Esaote
- Type: Private
- Industry: Medical equipment
- Founded: 1982; 44 years ago
- Founder: Carlo Castellano
- Headquarters: Genoa, Italy
- Products: Medical ultrasound, Magnetic resonance imaging
- Website: www.esaote.com

= Esaote =

Biomedical equipment company

Esaote SpA is an Italian company operating in the biomedical sector that deals with the design, production, sale and maintenance of equipment for medical diagnostics.

== History ==
Esaote was founded in Genoa in 1982 as a division of Biomedical Electronics Ansaldo Ansaldo SpA. In 1984, its activities with those of Elsag SpA converge in Esacontrol. In 1986 STET acquires Tuscan Officine Elettromeccaniche Biomedica - OTE Biomedica Elettronica SpA and in 1988 moved to the Finmeccanica which shall merge it with the biomedical sector Esacontrol, giving rise to Esaote Biomedica SpA, created by Elsag, Selenia and Ansaldo (hence the acronym ESA). Privatized by the state in 1994, it changed its name to Esaote SpA and two years later was listed on the Milan Stock Exchange, which was released in 2003 following a takeover bid for 100% of the share capital sponsored by Bracco SpA, already the majority shareholder since 1998 through Bracco Holding NV.

In May 2016, Esaote opened a new office at the Erzelli science and technology park of Genoa.
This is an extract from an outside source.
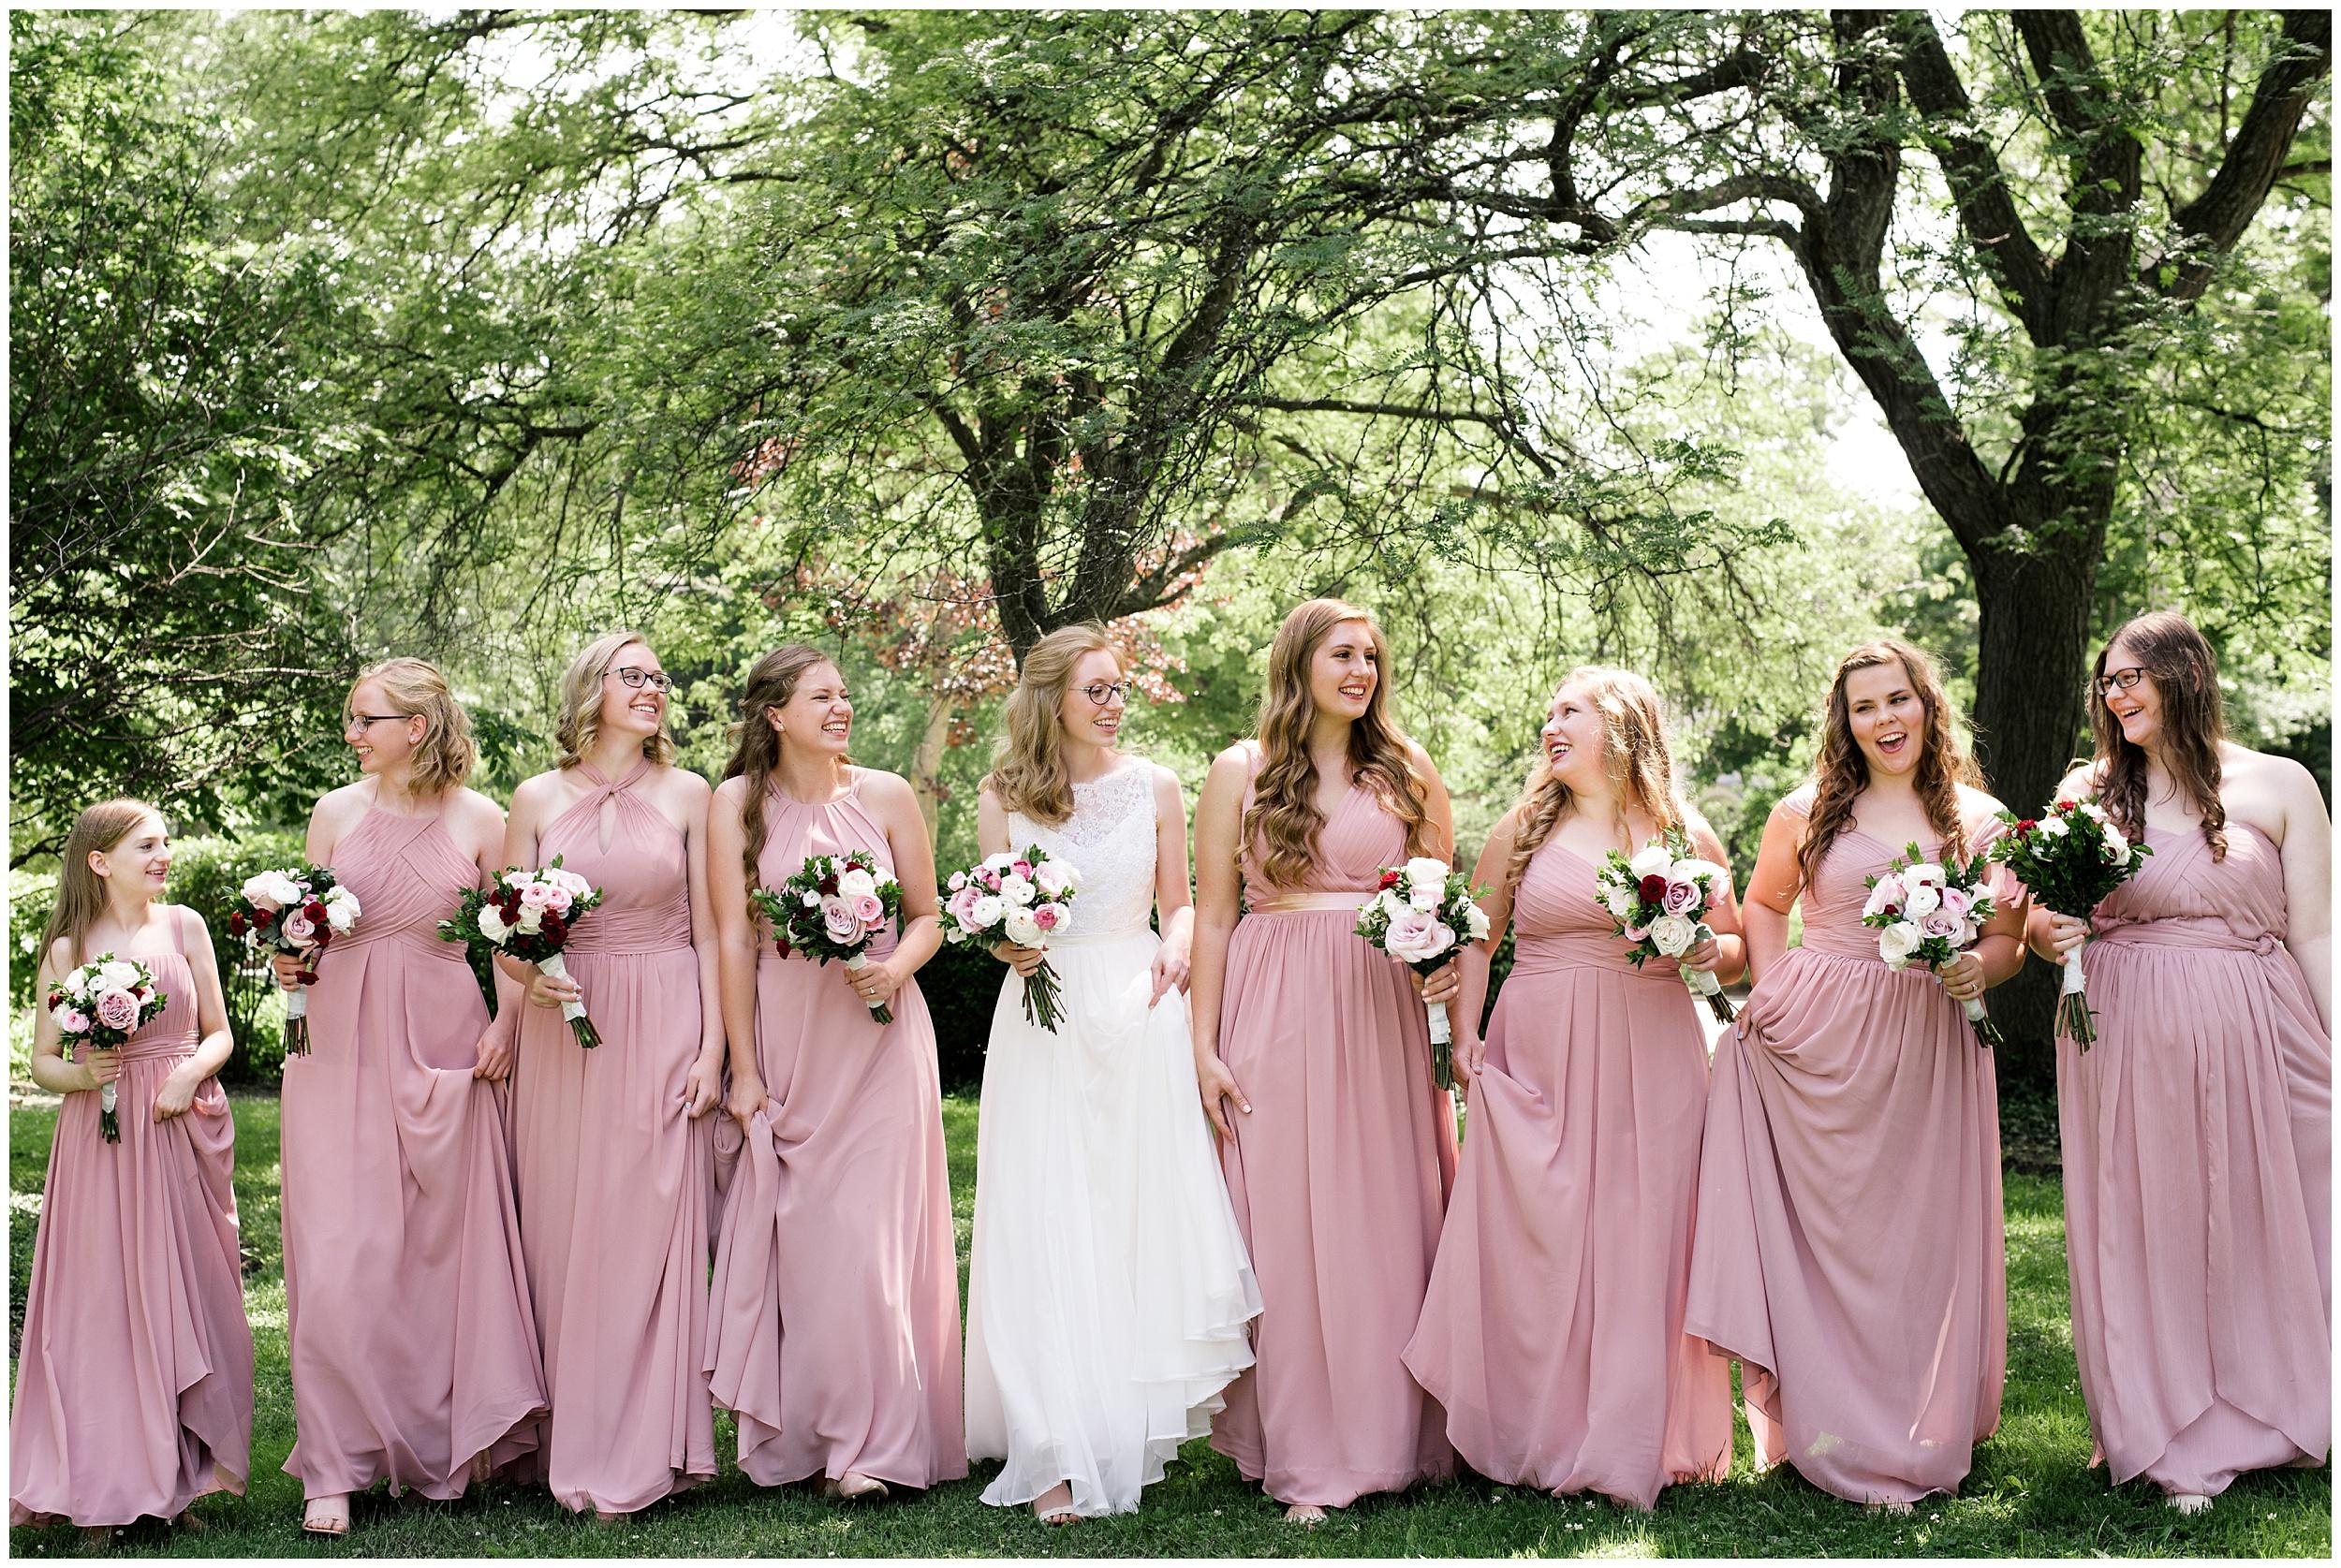 highland-park-community-house-wedding-chicago-wisconsin-photographer_0036.jpg
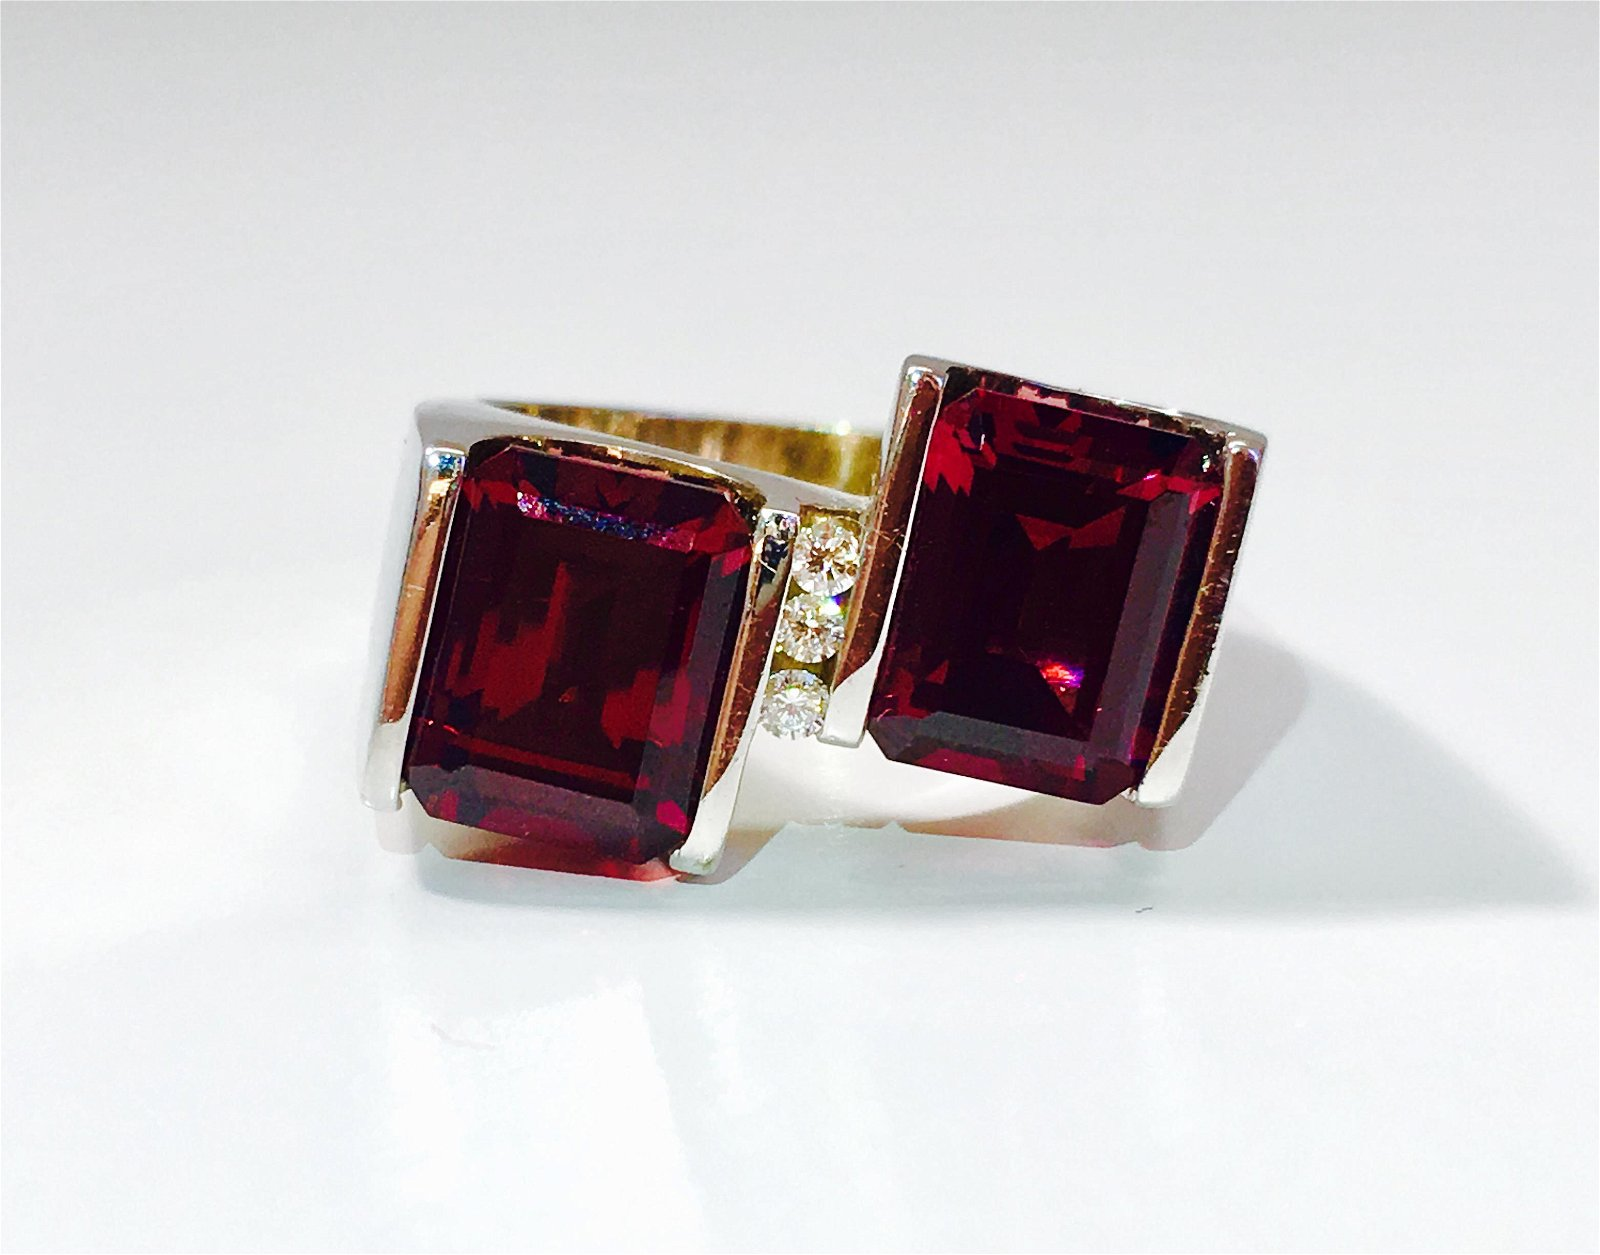 14K Gold, 7 Carat Natural Garnet and Diamond Ring.

In March 2017, the company inaugurated in Florence the new Center of Excellence for the production of probes and transducers for ultrasound diagnostic systems and a new hub, worldwide, located in Sesto Fiorentino (Florence). In May Esaote moved the production of dedicated magnetic resonance systems from the "historic" headquarters in Genoa, in via Siffredi, to a new, modern production plant built in Genoa Multedo. The activities of the Group's Research and Development laboratories for magnetic resonance imaging, the ultrasound diagnostic system repair center and the spare parts center for all equipment are also concentrated in the same location.

In December 2017, 100% of Esaote was sold for between 300-400 million euros to a consortium of entrepreneur investors made up of six chinese leading companies in the medical technology sector and investment funds with experience in healthcare. Under the agreement, finalized in April 2018 after the favorable opinion of the Italian government in February, the headquarters of Esaote remain in Genoa and Karl-Heinz Lumpi at the helm of the company. In May 2019 new CEO: Franco Fontana, in the company since 2008.